2018), did not provide otherwise. Nothing in Durnford suggested its analysis applied only to the nutrition panel. This case is governed by Durnford’s holding that the manufacturer’s method for determining the amount of protein in the supplement was authorized by regulation and therefore preempted Hollins’s proposed state-law rule. In addition, the panel rejected the dissent’s reliance on Hawkins v. Kroger Co., 906 F.3d 763 (9th Cir. 2018), and held that Hawkins was inapposite here.
The panel concluded that Hollins’s claims were preempted, and Walmart was entitled to judgment as a matter of law.
Judge Wardlaw dissented in part. In her view, Hollins was not required to comply with the FDA’s testing requirements with respect to her claims outside of the nutrition facts panel.

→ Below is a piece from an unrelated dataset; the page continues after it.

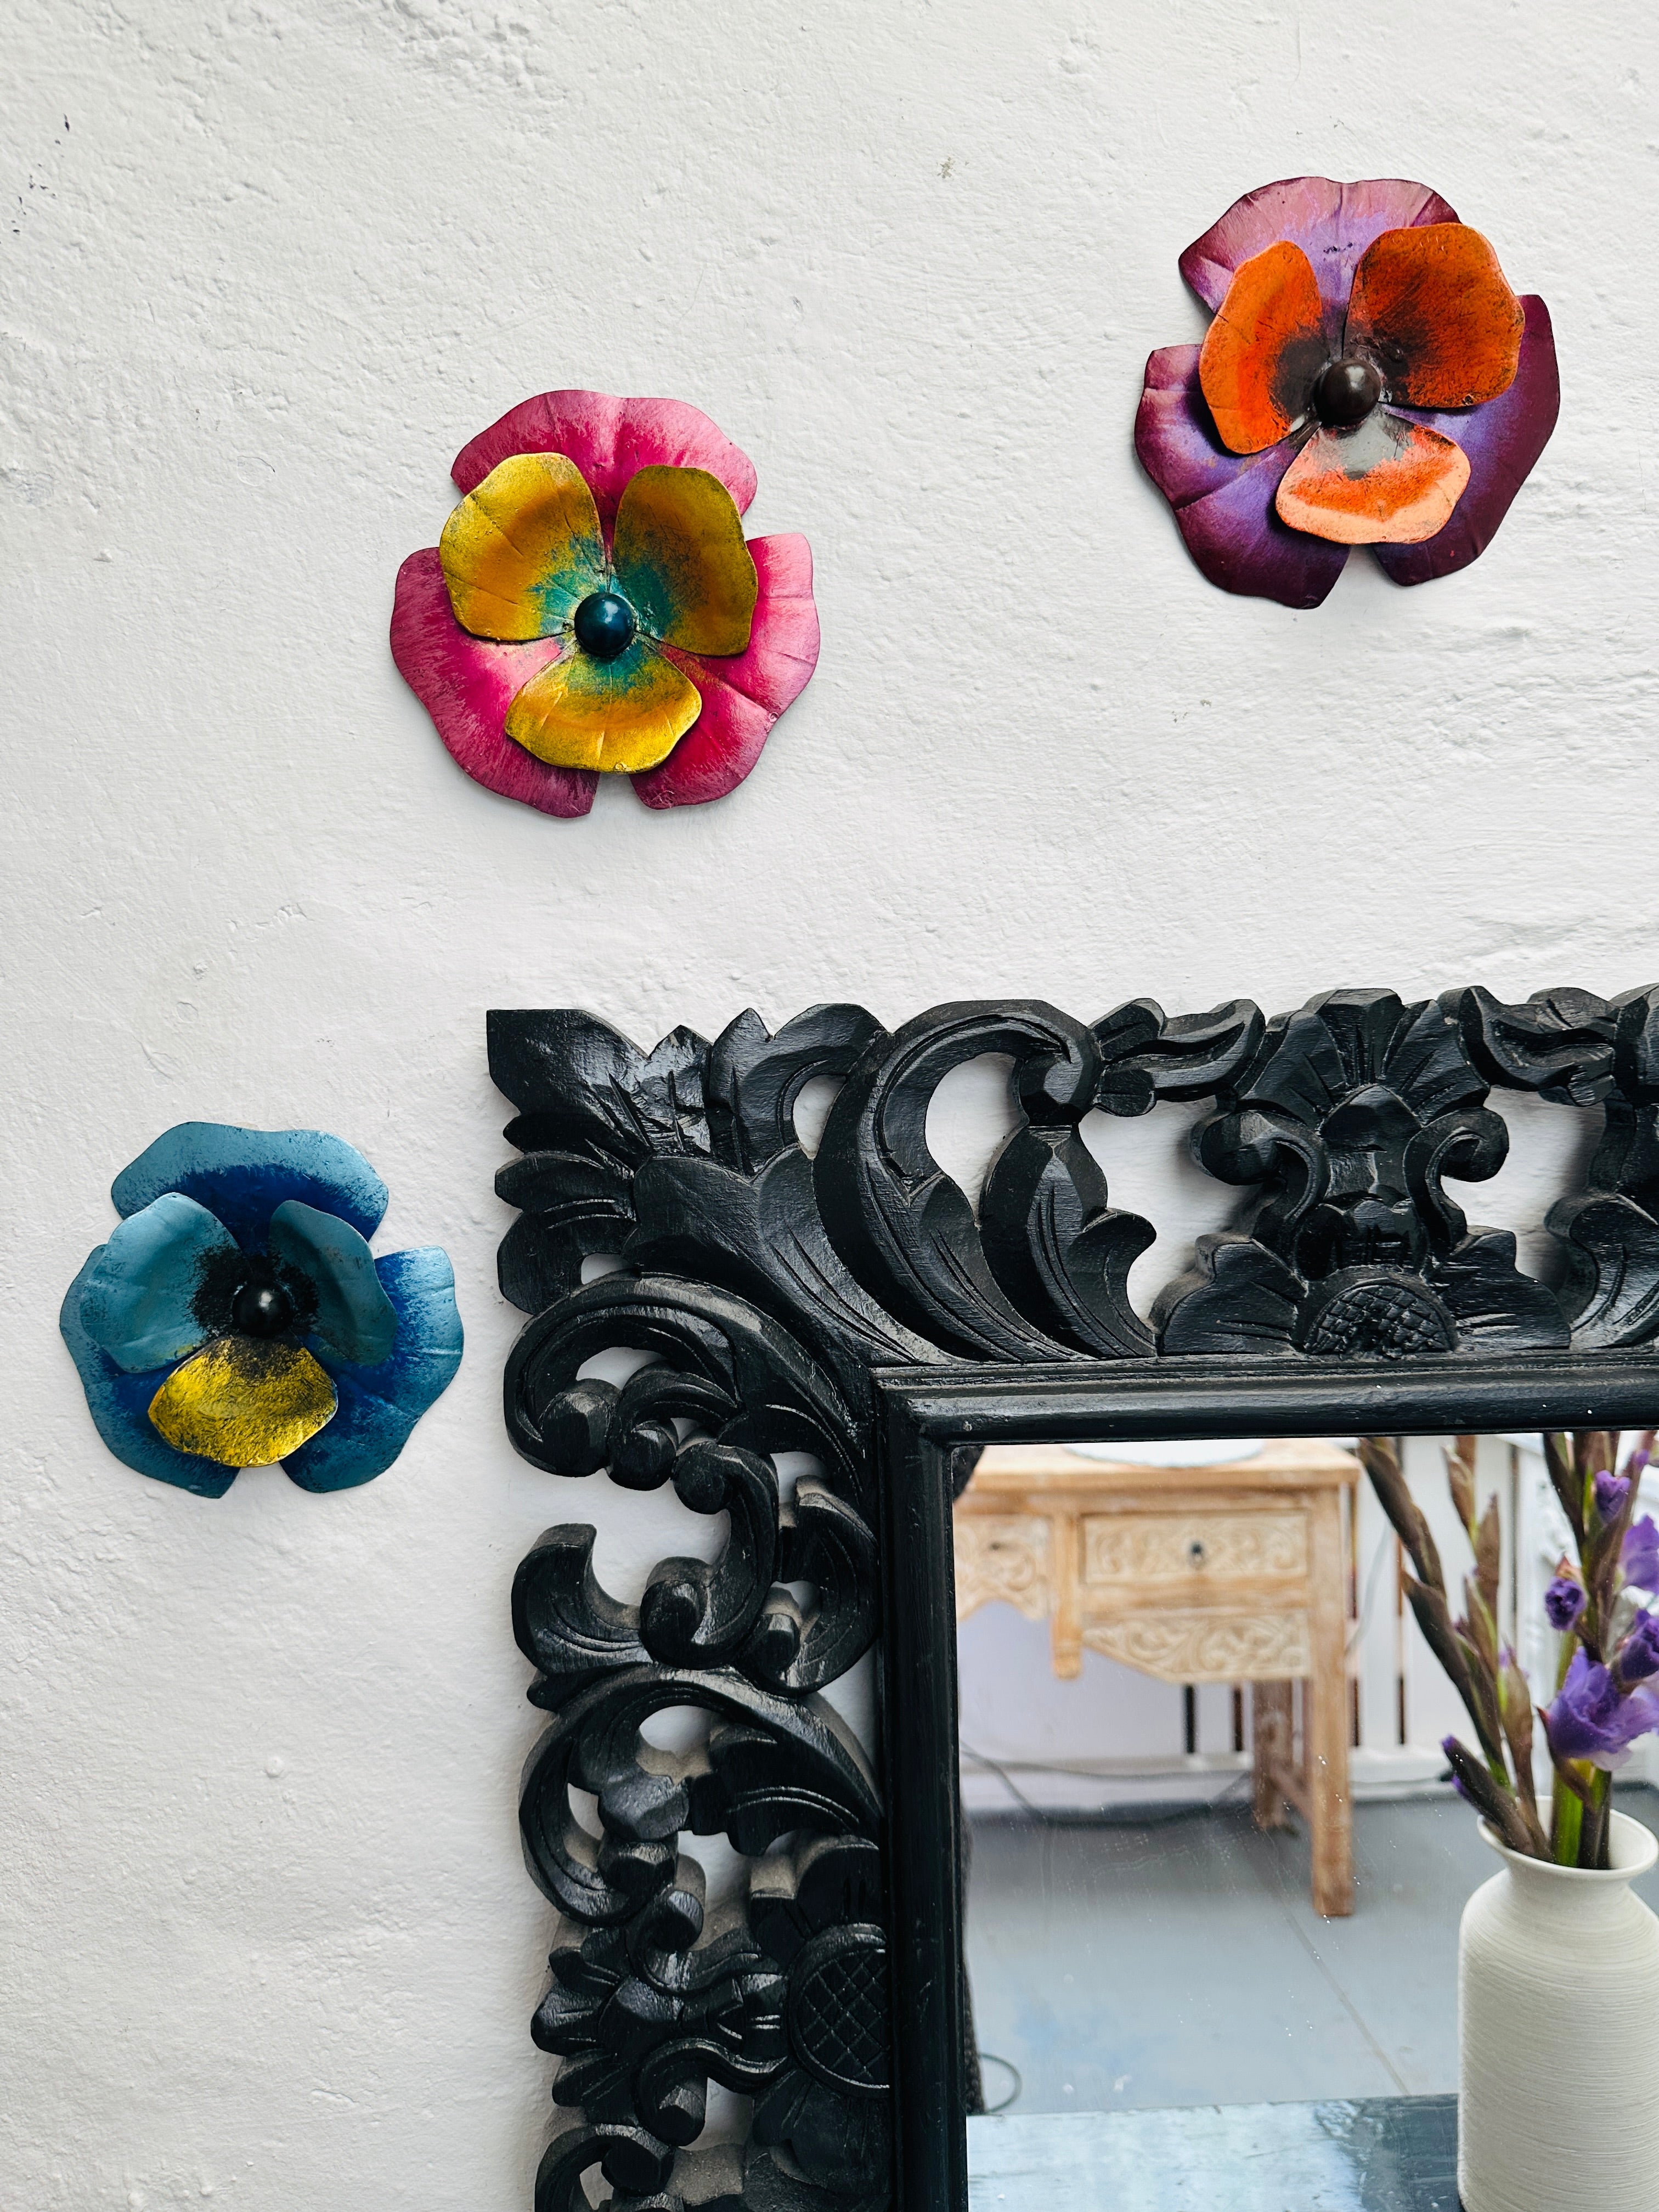 display view of pansy flowers attached to wall

Challenges to the label under 21 U.S.C. § 343(q) are distinct from those to the nutrition facts panel under 21 U.S.C, § 343(q), such that the 21 C.F.R. § 101.9(g) federal testing requirements do not apply to the label outside of the nutrition panel, and, therefore, these state law claims are not preempted by federal law, and can proceed. She wrote that the majority opinion misapplied Durnford, and ran counter to the presumption against preemption.